The sample size was calculated at 702 based on the results of a pilot study on 50 cases and the correlation coefficient formula with confidence coefficient of α=95% and test power of β=80%. At the beginning of the study, 740 cases were enrolled, 38 of whom were excluded from the study (13: delivery before ending the follow-up period, 6: reluctance to continue cooperation, 8: incomplete questionnaires, 9:  lack of access during follow-up, 1: hospital admission due to preeclampsia, and 1: severe marital conflicts).

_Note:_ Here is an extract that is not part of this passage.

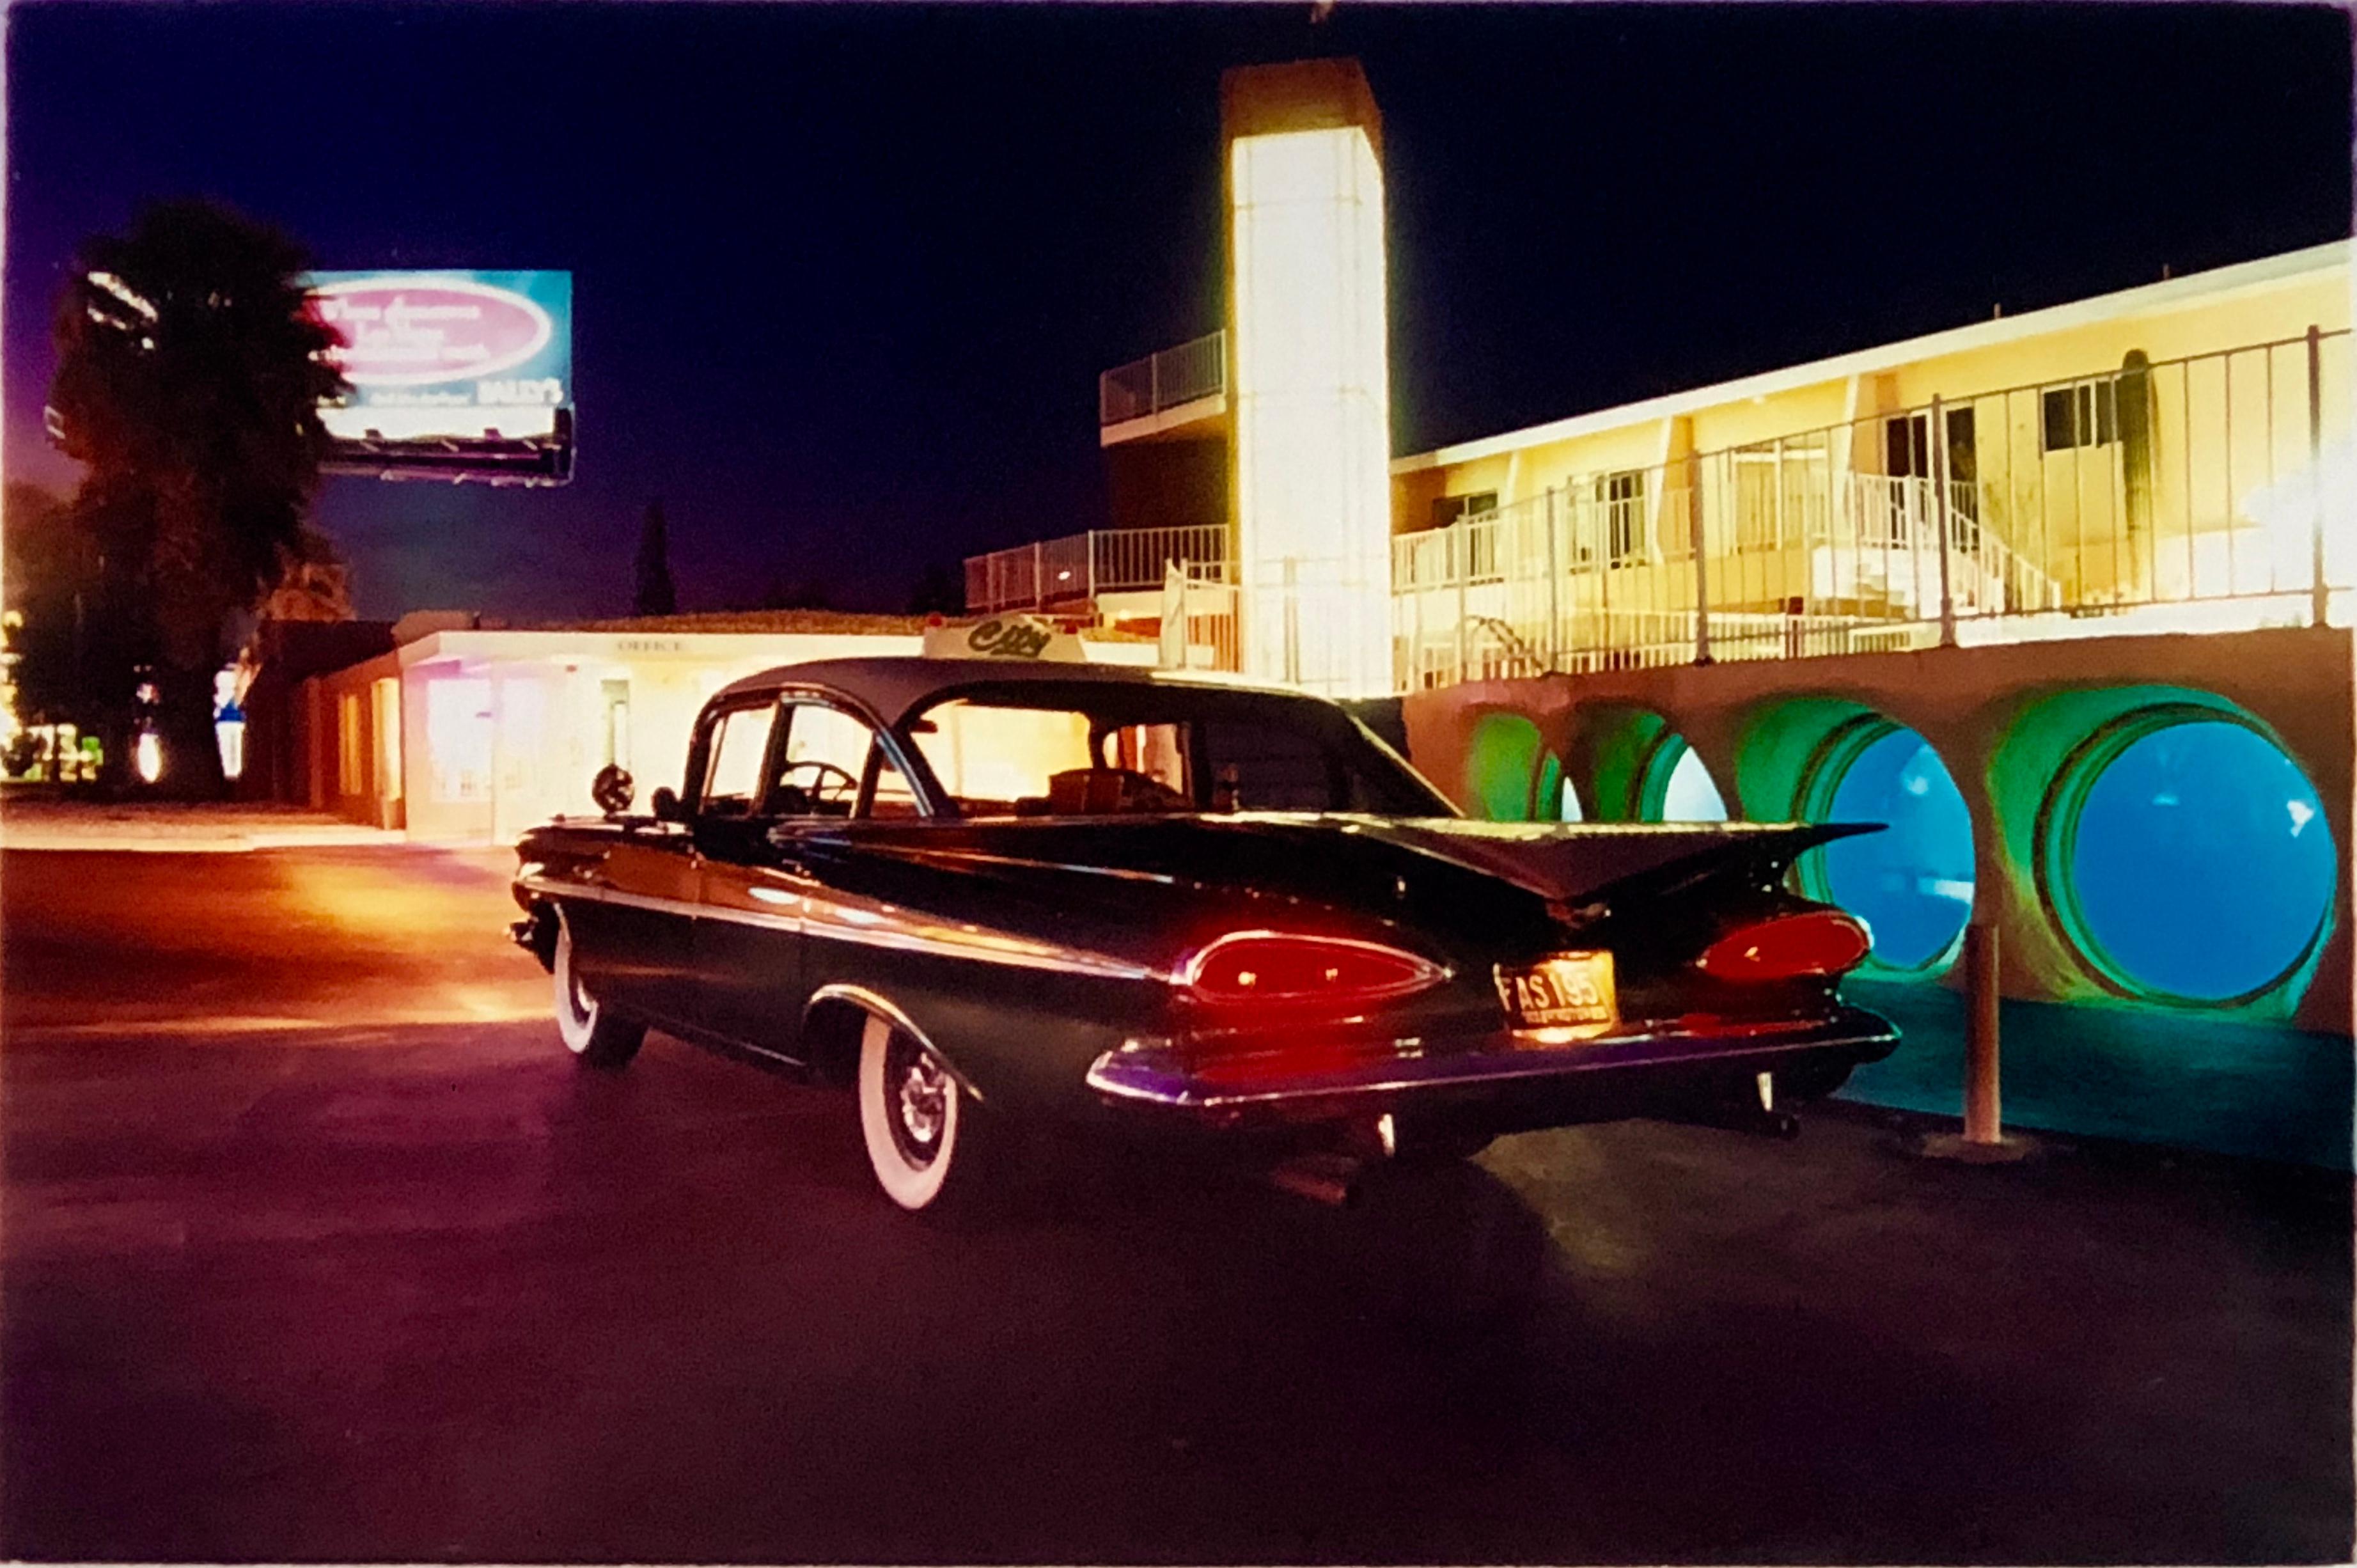 Patrick's Bel Air, Las Vegas, Nevada - American Vintage Las Vegas Photography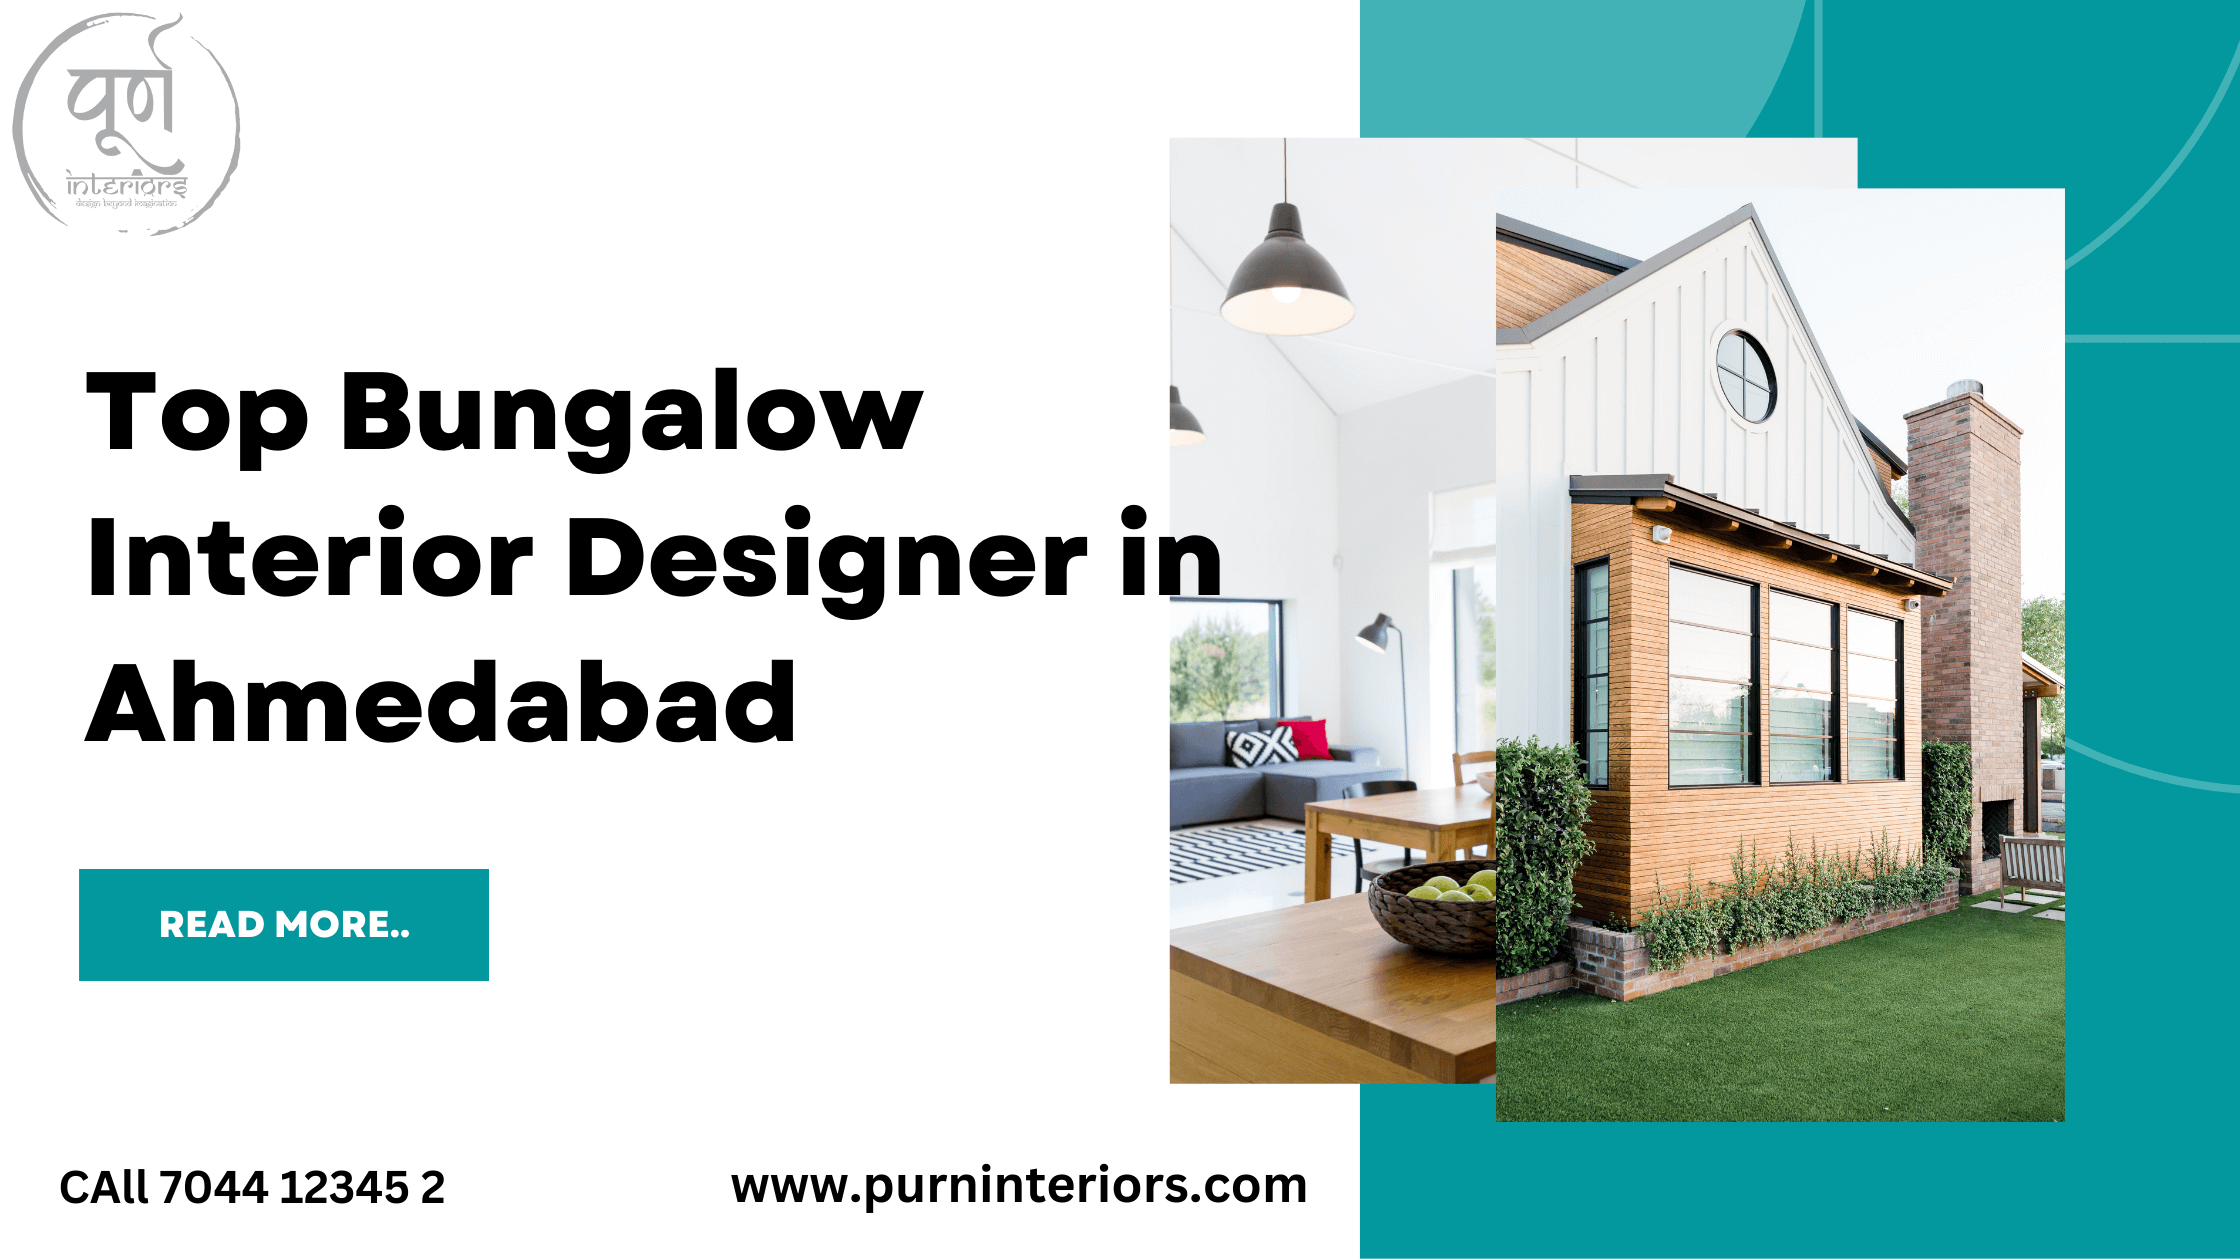 Top Bungalow Interior Designer In Ahmedabad

Sampling was performed using multistage cluster sampling (three steps). After dividing the health centers of five areas of Mashhad into populous and low-population groups, the clusters were randomly selected from each group proportional to the number of centers. Then, in the selected centers, proportional to the size and number of patients, sampling was conducted using convenience sampling (569 cases from high population centers and 213 from the low population centers).

The data collection tools included the unit selection form, personal and midwifery characteristics form, irrational beliefs questionnaire of Jones, and Revised Prenatal Coping Inventory. The face and content validity of the sample recruitment checklist and the personal and midwifery characteristics form were confirmed. The Irrational Beliefs Questionnaire of Jones consists of 100 items rated using a 5-point Likert scale (completely agree to completely disagree), which assesses
10 subscales of demand for approval, high
self–expectations, self-deprecation, reaction
to frustration, emotional irresponsibility, stressfulness, problem avoidance, dependence, helplessness, and perfectionism. High scores in this questionnaire indicate high irrational beliefs. The possible scores range from 100 to 500 (each scale 10-50). Donapoush (1998) confirmed its face and convergent validity using the correlation of Jones test with Beck depression test and achieving a coefficient of 0.82 (25). Jones established the reliability of the test by retest method (0.92 for the whole test and 0.66 to 0.80 for the components). In Iran, Taghipour (1998) calculated the reliability of the test to be 0.71 (26). In this study, using inter-class correlation coefficient (ICC), the reliability for total score of irrational beliefs was determined as 0.93 with confidence interval of (0.90-0.95) and from 0.53 to 0.80 for the components.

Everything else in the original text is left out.